The science has advanced enough, according to a review in the March 15 Clinical Infectious Diseases, that within the next few years, tests may finally be able to measure infections directly. The aim is to amplify traces of the Lyme bacteria’s genetic material in the bloodstream. Enough approaches are in various stages of research that some patient advocates have renewed optimism that the problems with testing may finally become a thing of the past.
Ticked off
In the United States, ticks pass about a dozen illnesses to people, but Lyme disease is the most common (SN: 8/19/17, p. 16). It’s most often caused by the bacterium Borrelia burgdorferi, which usually hitches a ride inside black-legged ticks, also known as deer ticks. When a tick bites and latches on to a person, the bacteria enter the skin, often causing a distinct, circular bull’s-eye rash radiating from the bite. But about 20 to 30 percent of infected people never experience any kind of rash, and many of those who do simply never notice it.

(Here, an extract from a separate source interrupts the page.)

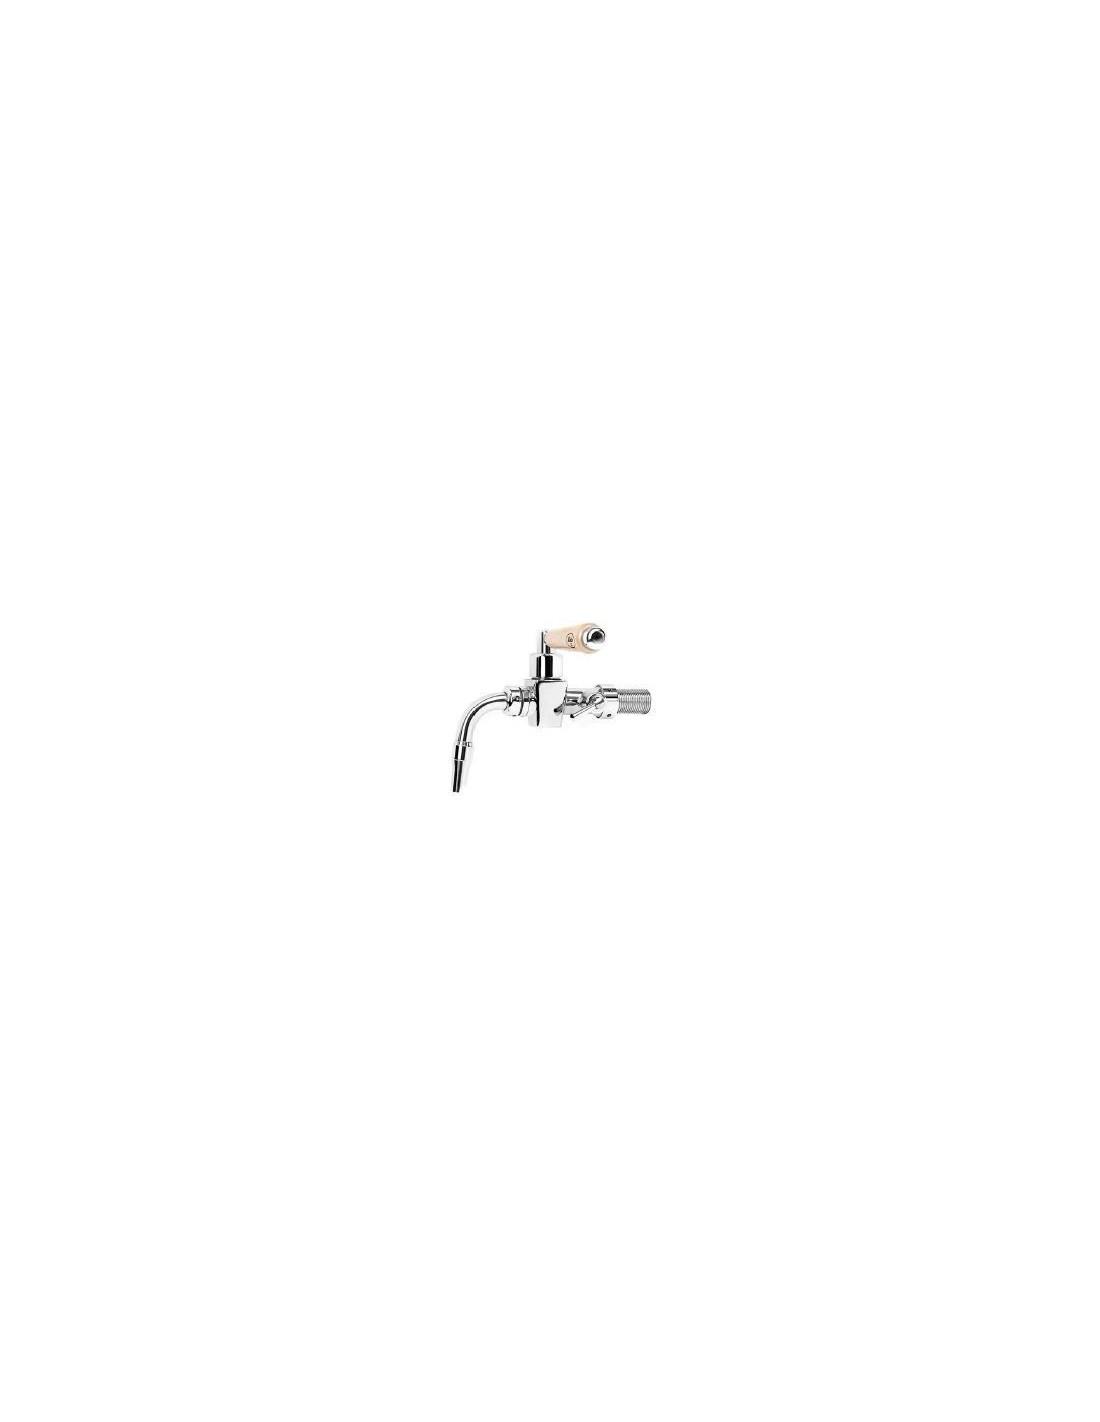 KOH02163 - Tappkran krompläterad 5/8-65 mm, normal pip

About 30,000 infections are reported annually in the United States, but public health experts estimate that the true number is 10 times as high.
Once in the skin, the corkscrew-shaped bacteria travel into the bloodstream and then migrate into joints and connective tissues, sometimes reaching the heart and nervous system. The problem is that treatment with antibiotics is most successful when the infection is in its earliest stages — the exact time when the standard diagnostic test is least reliable.
Doctors have an easier time diagnosing other infections using a technique called polymerase chain reaction. PCR amplifies bits of the pathogen’s genetic material from a patient’s blood, making the infection easier to confirm. But PCR isn’t sensitive enough for many Lyme infections, says Jeannine Petersen, a microbiologist at the CDC’s Division of Vector-Borne Diseases in Fort Collins, Colo. Lyme-causing bacteria congregate in very low numbers in blood samples, she says, which “makes it very hard to detect the organism itself using standard methods, such as PCR.”